WHAT YOU ARE ASKED TO DO: Locate the line bearing "Leopard cub, Pom" in the material below, then reproduce it and each following line up to and including the line bearing "El tambor de".

Start of Block

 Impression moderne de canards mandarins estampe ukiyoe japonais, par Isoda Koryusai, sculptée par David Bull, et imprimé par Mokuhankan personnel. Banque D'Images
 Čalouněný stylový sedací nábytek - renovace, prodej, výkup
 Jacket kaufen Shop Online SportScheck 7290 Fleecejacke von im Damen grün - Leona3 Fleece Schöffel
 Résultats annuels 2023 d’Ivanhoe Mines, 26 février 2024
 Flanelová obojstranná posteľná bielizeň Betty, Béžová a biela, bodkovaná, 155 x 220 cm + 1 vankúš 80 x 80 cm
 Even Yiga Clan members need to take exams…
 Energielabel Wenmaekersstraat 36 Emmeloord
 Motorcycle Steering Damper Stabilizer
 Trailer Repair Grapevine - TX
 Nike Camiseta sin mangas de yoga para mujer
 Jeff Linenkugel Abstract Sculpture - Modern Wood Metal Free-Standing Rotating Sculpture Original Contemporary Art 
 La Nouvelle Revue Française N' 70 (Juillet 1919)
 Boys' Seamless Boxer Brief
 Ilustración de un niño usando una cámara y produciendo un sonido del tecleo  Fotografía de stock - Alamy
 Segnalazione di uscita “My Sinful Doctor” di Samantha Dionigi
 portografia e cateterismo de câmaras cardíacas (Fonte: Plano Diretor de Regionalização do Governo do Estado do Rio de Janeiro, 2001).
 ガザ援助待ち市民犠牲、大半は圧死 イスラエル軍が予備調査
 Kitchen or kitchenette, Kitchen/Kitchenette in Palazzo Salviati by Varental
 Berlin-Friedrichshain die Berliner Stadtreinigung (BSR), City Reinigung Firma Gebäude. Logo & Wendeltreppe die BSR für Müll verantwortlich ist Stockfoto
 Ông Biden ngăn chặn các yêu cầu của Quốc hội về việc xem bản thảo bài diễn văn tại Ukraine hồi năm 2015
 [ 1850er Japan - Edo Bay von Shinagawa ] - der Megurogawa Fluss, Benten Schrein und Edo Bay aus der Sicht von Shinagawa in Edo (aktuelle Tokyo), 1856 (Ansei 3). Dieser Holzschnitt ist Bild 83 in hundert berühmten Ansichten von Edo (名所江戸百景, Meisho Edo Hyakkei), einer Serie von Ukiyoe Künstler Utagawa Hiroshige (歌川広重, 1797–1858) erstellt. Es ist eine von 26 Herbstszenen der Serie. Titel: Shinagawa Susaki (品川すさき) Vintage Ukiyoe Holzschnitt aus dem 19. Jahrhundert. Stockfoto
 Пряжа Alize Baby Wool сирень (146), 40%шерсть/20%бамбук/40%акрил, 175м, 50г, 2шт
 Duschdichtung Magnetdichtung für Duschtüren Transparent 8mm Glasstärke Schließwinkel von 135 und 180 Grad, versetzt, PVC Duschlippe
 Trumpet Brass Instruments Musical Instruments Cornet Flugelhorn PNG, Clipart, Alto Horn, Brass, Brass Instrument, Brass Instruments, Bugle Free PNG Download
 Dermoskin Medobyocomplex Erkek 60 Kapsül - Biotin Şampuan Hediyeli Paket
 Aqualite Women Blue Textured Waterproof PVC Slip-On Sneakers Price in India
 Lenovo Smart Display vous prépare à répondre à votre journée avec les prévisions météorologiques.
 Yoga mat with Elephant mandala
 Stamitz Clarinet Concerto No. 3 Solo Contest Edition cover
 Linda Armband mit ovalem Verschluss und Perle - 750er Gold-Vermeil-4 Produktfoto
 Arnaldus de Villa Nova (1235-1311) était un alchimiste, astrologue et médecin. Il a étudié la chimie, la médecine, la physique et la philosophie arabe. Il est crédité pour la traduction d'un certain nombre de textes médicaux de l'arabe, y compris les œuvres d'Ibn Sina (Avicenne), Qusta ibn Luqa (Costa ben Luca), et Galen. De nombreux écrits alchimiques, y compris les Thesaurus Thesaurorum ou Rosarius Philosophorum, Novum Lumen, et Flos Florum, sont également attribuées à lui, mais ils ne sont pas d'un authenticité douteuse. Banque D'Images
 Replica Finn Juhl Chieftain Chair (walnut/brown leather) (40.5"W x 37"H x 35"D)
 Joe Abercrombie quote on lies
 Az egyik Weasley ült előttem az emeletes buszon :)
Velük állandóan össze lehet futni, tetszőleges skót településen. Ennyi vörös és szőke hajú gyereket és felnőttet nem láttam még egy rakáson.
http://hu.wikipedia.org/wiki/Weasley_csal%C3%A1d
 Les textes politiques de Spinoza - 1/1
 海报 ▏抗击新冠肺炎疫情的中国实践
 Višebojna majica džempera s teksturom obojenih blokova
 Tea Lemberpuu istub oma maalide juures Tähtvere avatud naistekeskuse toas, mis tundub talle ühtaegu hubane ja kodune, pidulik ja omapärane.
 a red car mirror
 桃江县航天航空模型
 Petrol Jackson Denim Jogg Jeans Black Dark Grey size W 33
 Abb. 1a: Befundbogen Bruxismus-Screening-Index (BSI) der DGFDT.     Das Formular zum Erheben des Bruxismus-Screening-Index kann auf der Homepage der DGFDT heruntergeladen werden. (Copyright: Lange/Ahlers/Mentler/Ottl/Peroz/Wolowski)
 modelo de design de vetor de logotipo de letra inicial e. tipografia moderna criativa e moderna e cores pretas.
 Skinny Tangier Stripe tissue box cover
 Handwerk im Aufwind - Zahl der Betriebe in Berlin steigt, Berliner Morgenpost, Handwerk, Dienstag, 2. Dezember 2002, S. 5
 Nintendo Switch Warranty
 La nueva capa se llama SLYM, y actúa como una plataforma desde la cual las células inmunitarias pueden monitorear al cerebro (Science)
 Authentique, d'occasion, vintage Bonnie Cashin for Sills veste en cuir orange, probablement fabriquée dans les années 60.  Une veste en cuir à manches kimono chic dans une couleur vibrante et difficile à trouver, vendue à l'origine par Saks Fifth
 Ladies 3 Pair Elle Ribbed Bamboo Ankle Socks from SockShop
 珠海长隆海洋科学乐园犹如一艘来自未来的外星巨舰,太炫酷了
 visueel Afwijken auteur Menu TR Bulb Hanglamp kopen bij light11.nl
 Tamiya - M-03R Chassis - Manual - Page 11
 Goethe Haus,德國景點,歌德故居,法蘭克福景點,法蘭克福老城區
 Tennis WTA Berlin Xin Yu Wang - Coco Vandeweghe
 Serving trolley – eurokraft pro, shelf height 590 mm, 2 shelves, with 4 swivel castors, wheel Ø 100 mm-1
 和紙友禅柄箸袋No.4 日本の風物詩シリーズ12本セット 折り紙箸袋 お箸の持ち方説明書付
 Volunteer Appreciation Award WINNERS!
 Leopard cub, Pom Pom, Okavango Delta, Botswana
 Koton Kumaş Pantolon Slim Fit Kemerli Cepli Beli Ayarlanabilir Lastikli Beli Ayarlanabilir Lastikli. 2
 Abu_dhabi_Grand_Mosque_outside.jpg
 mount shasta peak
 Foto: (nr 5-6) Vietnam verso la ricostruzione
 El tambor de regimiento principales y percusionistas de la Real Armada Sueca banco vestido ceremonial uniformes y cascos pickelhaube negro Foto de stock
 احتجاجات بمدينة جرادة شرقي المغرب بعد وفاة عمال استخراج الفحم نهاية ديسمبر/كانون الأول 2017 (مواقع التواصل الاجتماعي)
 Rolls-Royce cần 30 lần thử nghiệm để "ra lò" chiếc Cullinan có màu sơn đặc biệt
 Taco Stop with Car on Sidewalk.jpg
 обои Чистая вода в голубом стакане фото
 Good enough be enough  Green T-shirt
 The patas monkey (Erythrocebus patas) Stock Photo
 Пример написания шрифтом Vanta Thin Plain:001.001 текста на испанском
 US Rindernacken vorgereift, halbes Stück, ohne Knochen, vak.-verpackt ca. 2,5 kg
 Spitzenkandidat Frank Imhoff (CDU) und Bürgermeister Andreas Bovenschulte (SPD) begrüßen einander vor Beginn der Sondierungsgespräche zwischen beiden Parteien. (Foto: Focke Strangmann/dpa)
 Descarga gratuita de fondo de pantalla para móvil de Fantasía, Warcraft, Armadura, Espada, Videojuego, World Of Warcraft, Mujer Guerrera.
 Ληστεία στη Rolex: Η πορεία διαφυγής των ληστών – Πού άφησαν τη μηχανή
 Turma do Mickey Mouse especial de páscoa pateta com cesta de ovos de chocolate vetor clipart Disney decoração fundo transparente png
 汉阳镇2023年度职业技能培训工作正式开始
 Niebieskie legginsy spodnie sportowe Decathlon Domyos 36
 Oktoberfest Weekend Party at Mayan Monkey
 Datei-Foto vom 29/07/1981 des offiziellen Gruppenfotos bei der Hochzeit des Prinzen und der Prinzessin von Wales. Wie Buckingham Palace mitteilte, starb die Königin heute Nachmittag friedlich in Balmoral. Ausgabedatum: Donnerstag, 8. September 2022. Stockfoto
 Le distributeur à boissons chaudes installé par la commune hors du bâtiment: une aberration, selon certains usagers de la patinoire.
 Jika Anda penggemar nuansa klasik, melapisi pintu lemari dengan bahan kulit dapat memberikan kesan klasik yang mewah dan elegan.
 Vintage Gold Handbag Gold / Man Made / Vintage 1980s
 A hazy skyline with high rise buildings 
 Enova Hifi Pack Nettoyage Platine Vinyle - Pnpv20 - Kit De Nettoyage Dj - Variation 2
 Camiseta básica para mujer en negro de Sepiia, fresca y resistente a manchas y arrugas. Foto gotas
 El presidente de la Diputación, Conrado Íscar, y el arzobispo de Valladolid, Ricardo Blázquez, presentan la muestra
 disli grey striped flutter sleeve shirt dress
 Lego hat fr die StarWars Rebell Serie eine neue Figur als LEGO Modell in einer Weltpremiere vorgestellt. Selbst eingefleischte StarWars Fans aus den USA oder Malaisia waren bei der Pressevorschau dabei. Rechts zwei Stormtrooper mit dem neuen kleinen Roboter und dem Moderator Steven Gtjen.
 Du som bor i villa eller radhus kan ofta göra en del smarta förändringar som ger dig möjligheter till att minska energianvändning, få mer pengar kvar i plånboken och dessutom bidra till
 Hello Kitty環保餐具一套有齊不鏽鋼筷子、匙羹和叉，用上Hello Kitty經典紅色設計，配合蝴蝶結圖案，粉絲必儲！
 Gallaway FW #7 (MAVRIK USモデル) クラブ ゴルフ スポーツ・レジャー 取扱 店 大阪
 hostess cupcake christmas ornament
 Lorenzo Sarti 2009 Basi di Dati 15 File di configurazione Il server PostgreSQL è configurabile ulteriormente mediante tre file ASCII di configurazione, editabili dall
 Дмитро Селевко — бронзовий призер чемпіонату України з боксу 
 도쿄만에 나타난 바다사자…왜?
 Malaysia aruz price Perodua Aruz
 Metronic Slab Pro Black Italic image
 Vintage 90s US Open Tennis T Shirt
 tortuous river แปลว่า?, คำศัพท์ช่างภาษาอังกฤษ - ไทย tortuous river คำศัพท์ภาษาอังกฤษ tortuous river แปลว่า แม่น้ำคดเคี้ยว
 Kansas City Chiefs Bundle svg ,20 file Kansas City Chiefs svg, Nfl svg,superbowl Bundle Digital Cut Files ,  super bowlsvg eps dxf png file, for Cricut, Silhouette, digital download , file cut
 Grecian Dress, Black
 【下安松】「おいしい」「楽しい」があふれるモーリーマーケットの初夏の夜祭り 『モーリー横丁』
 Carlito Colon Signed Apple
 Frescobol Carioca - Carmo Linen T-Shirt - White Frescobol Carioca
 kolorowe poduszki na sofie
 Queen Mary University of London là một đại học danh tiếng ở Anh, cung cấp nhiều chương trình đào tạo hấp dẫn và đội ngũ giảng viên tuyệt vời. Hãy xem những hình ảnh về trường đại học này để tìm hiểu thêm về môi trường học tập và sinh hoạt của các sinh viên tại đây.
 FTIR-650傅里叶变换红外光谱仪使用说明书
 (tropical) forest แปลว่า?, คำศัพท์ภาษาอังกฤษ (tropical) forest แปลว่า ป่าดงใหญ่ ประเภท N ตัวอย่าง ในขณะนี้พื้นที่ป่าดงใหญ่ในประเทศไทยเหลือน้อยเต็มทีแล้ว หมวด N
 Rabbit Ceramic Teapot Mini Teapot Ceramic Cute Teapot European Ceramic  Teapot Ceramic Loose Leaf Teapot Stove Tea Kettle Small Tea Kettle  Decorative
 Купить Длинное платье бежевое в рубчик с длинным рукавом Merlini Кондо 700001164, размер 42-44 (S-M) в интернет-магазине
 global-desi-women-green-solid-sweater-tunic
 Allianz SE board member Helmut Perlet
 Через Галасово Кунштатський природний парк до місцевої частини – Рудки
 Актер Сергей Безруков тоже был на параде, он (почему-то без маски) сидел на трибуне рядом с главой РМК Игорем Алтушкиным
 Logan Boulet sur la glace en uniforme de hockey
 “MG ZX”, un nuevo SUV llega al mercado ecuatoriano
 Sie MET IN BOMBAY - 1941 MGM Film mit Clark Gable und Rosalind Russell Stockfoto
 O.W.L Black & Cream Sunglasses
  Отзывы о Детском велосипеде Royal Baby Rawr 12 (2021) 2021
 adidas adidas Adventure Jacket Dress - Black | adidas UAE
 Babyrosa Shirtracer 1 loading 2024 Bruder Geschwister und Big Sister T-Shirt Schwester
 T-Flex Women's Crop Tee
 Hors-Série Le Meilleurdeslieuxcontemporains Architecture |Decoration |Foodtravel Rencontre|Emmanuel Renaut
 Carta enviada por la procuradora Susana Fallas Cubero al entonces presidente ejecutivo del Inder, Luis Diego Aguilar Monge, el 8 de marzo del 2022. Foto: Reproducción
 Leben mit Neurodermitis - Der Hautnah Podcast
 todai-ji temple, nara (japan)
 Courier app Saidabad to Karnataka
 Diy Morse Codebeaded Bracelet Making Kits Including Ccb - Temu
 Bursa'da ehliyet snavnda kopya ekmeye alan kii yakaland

End of Block

TASK OUTPUT:
 Leopard cub, Pom Pom, Okavango Delta, Botswana
 Koton Kumaş Pantolon Slim Fit Kemerli Cepli Beli Ayarlanabilir Lastikli Beli Ayarlanabilir Lastikli. 2
 Abu_dhabi_Grand_Mosque_outside.jpg
 mount shasta peak
 Foto: (nr 5-6) Vietnam verso la ricostruzione
 El tambor de regimiento principales y percusionistas de la Real Armada Sueca banco vestido ceremonial uniformes y cascos pickelhaube negro Foto de stock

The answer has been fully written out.